Scientists estimate that neutron stars contain the mass of about 1.4 Suns compacted into about a 10-mile-wide sphere (16 kilometers). At such density, all the space is squeezed out of the atoms inside the neutron star, and protons and electrons squeeze into neutrons, leaving a neutron superfluid, a liquid that flows without friction.

By understanding the precise ratio of mass to radius, and thus pressure to density, scientists can determine the nature of this superfluid and speculate on the presence of exotic matter and forces within -- the type of phenomena that particle physicists search for in earthbound particle accelerators.

Today's announcement states that EXO 0748-676's mass-to-radius ratio is 0.152 solar masses per kilometer, based on a gravitational redshift measurement of 0.35. This provides the first observational evidence that neutron stars are indeed made of tightly packed neutrons, as predicted by theory estimating mass-radius, density-pressure ratios.

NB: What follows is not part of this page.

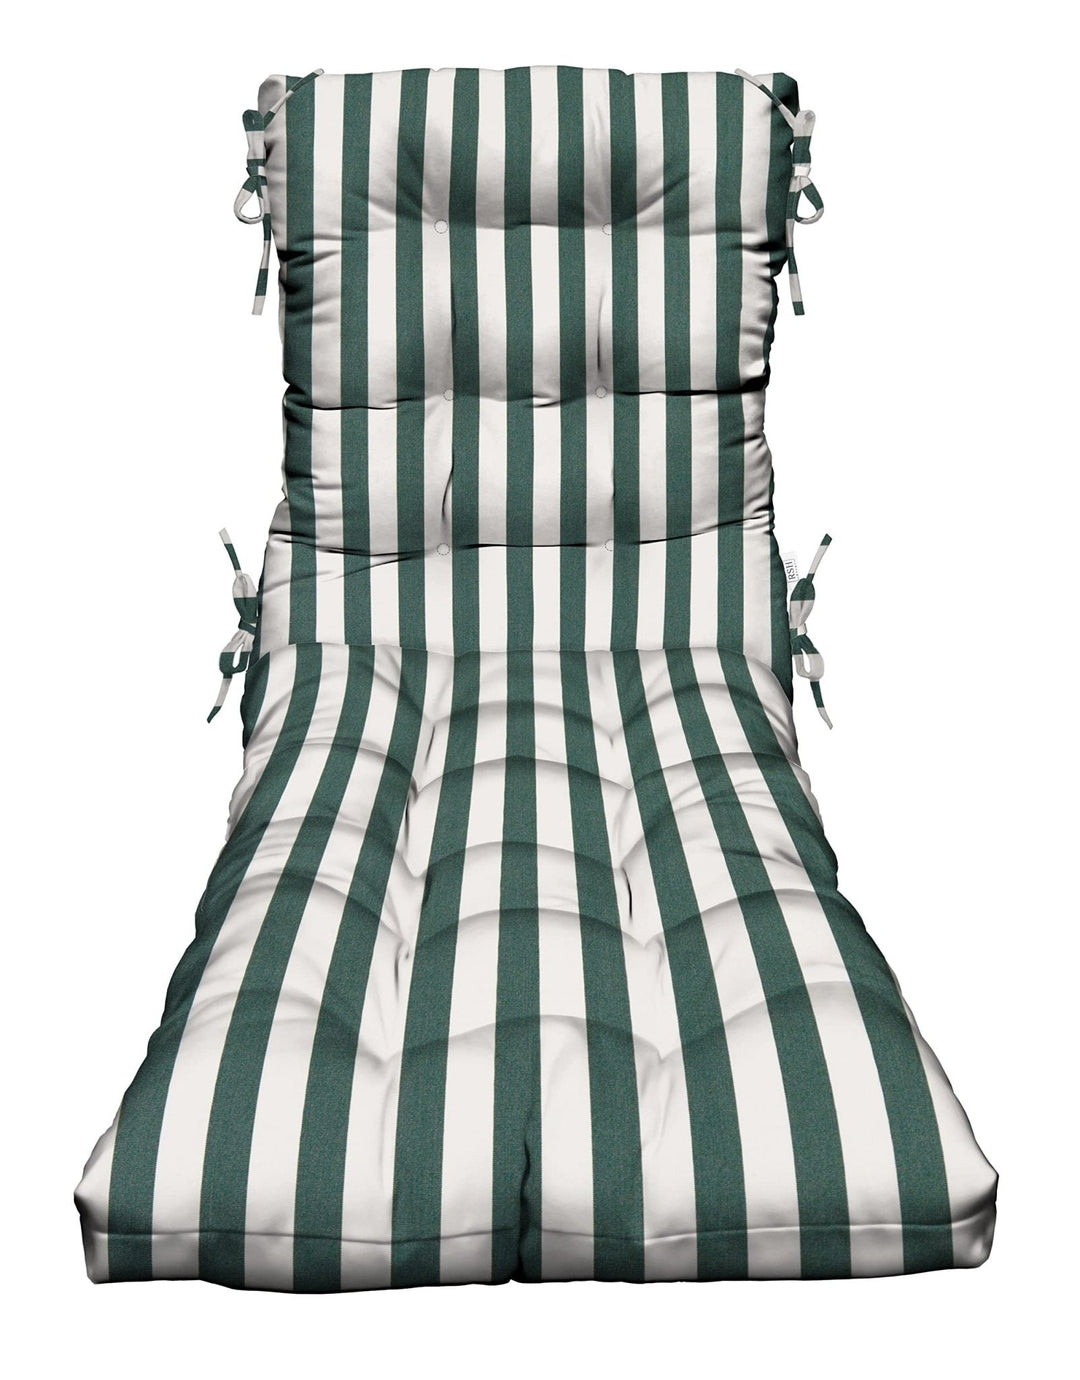 Chaise Lounge Chair Cushion | Tufted | 72" H x 22" W | Sunbrella Mason Forest Green - RSH Decor

"Unlike the Sun, with an interior well understood, neutron stars have been like a black box," said co-author Dr. Frits Paerels of Columbia University in New York. "We have bored our first small hole into a neutron star. Now theorists will have a go at the little sample we have offered them," he said.

More important, said co-author Dr. Mariano Mendez of SRON, the National Institute for Space Research in the Netherlands, "We have now established a means to probe the bizarre interior of a 10-mile-wide chunk of neutrons thousands of light-years away -- based on gravitational redshift. With the fantastic light-collecting potential of XMM-Newton, we can measure the mass-to-radius ratios of other neutron stars, perhaps uncovering a quark star."

In a quark star, which is denser than a neutron star and has a different mass-to-radius ratio, neutrons are squeezed so tightly they liberate the subatomic quark particles and gluons that are the building blocks of atomic matter.

To obtain its measurement, the team needed the fantastic radiance provided by thermonuclear bursts, which illuminate matter very close to the neutron star surface where gravity is strongest. The team spotted the 28 bursts during a series of XMM-Newton observations of the neutron star totaling 93 hours. There are dozens of known binary systems with neutron stars, like EXO 0748-676, where such bursting is seen several times a day, the result of gas pouring onto the neutron star from its companion star.

ESA's XMM-Newton was launched in December 1999. NASA helped fund mission development and supports guest observatory time. Goddard Space Flight Center hosts the U.S. guest visitor-support center. Jean Cottam joins Goddard through a grant from the National Research Council.